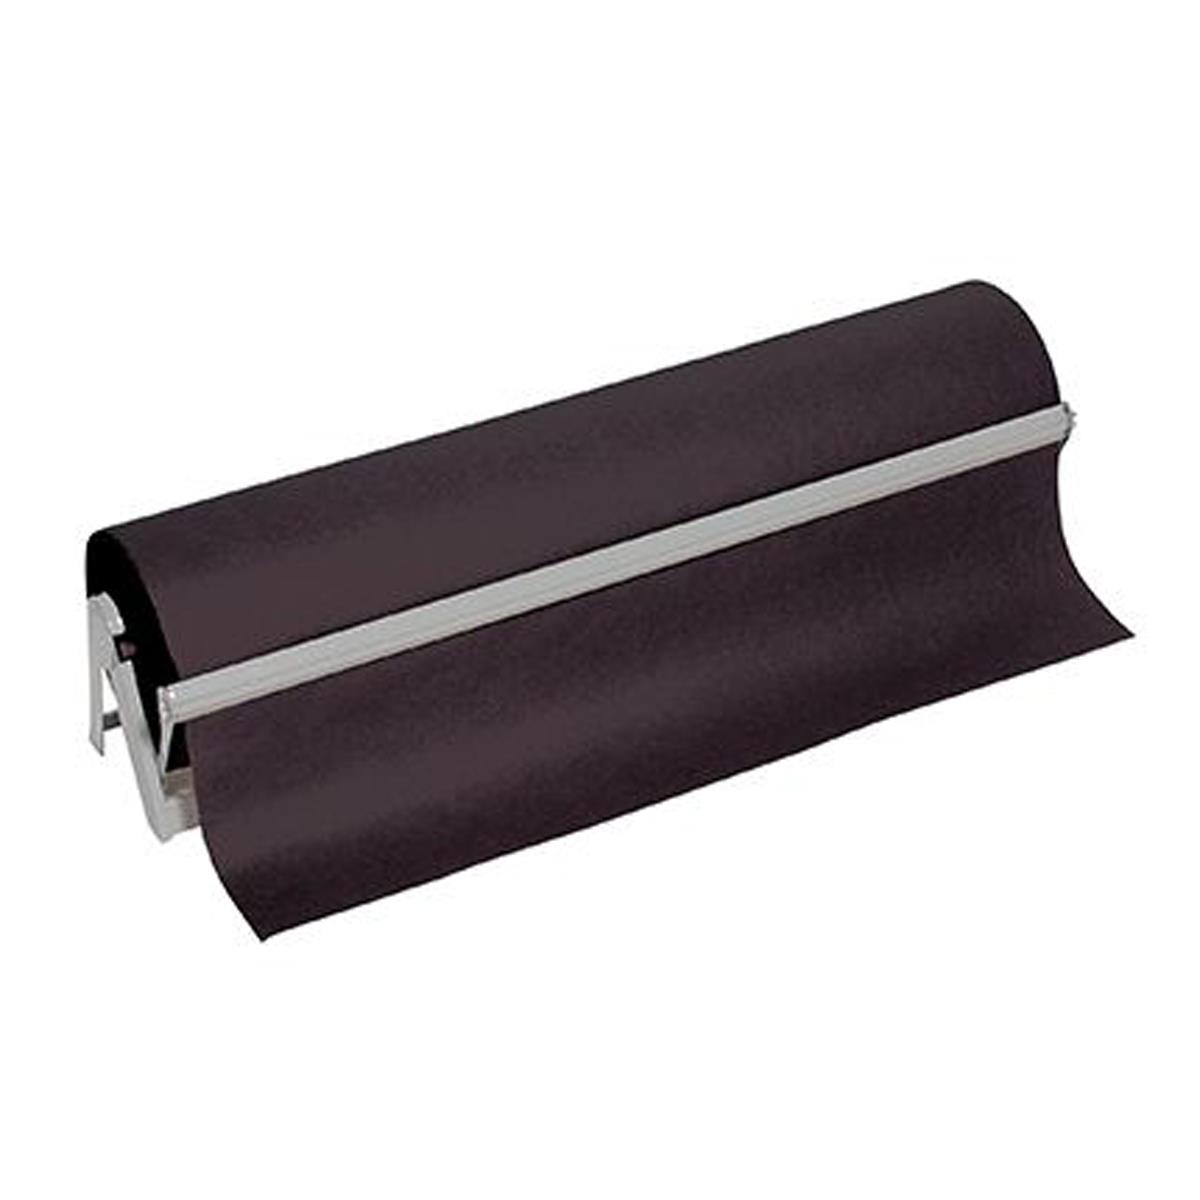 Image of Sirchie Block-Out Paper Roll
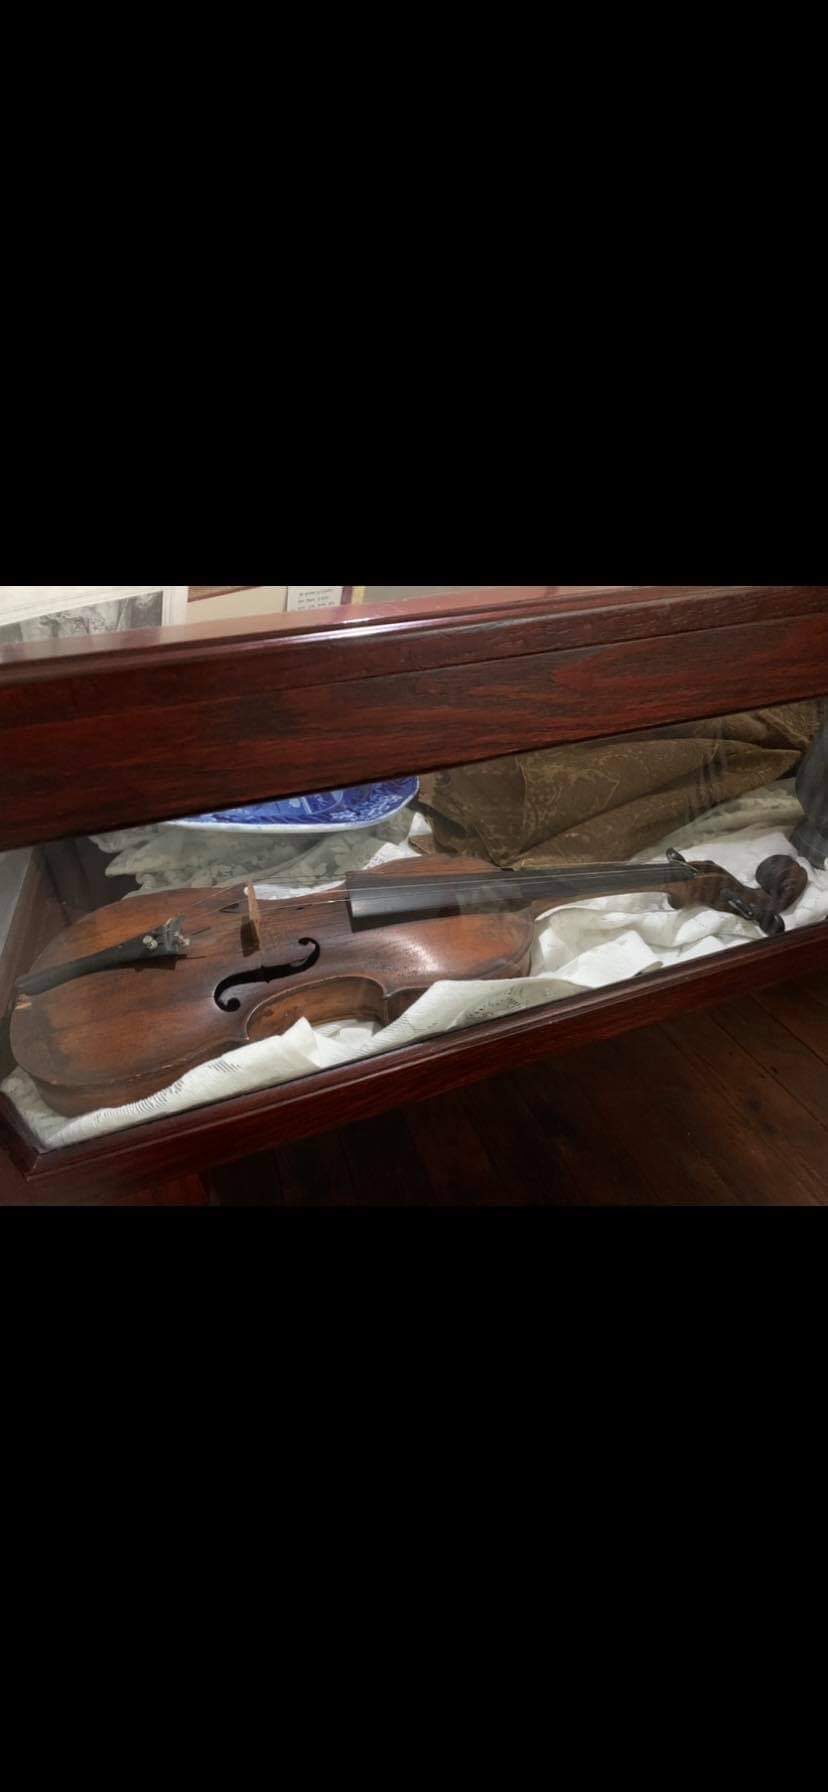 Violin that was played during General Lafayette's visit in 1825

--

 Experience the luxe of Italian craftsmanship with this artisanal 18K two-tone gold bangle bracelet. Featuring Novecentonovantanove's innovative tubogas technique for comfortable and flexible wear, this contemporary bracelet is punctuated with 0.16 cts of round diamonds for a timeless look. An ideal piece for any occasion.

---

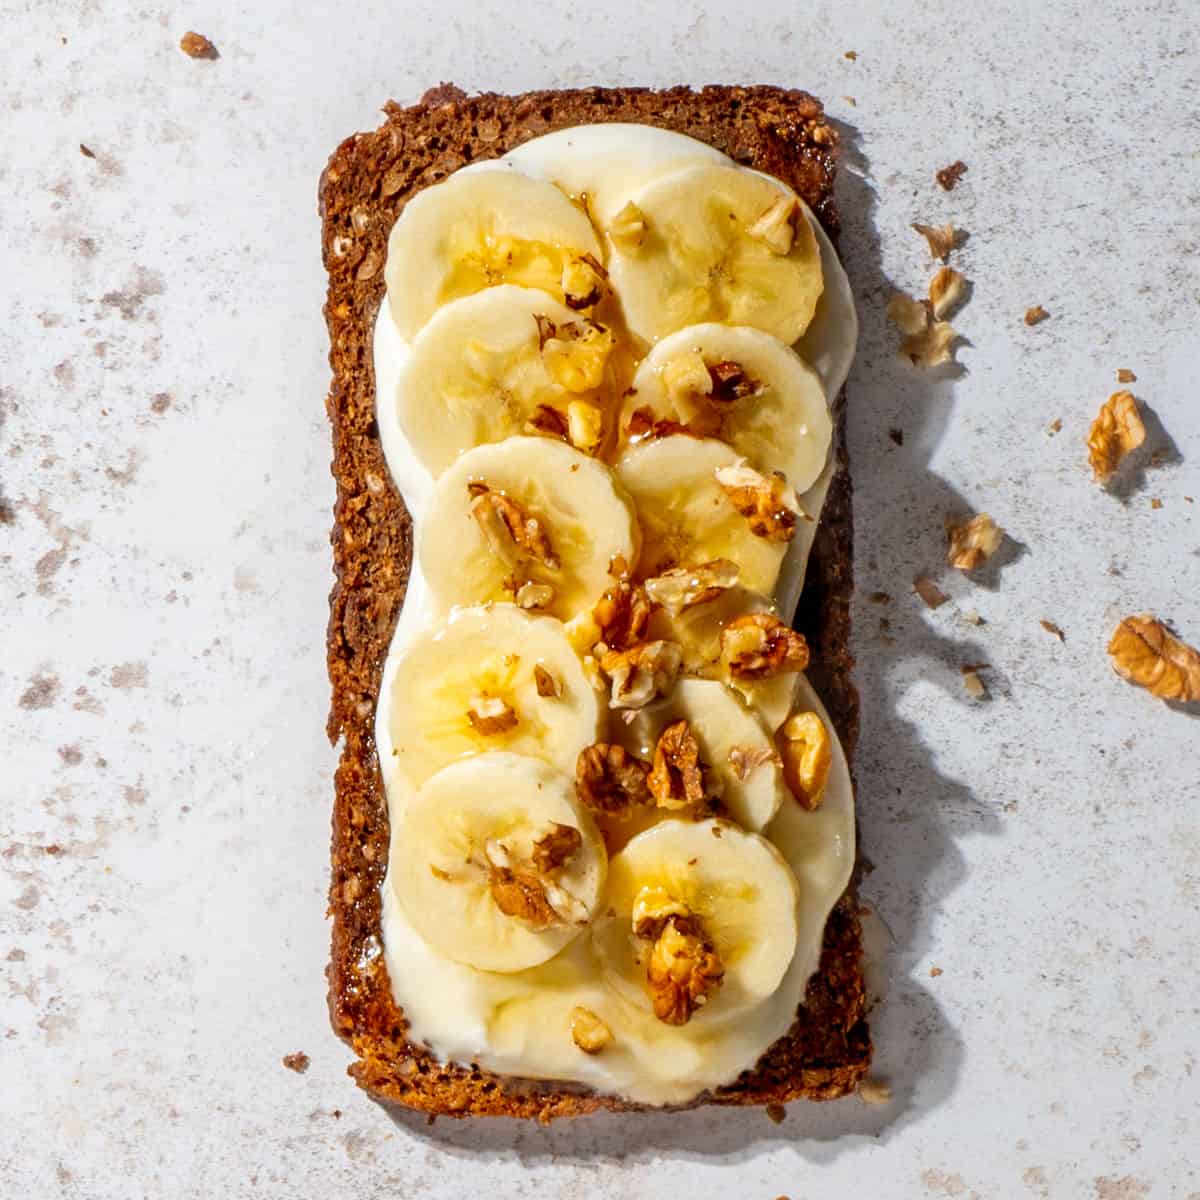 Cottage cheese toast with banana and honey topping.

▶ _What you have to do_
Skipping the pictures, print the lines in the listing above exactly as written, starting at the line with "Image of Sirchie Block-Out Paper Roll" and ending at the line with "Violin that was", both included.

▶ _Result_
 Image of Sirchie Block-Out Paper Roll
 Violin that was played during General Lafayette's visit in 1825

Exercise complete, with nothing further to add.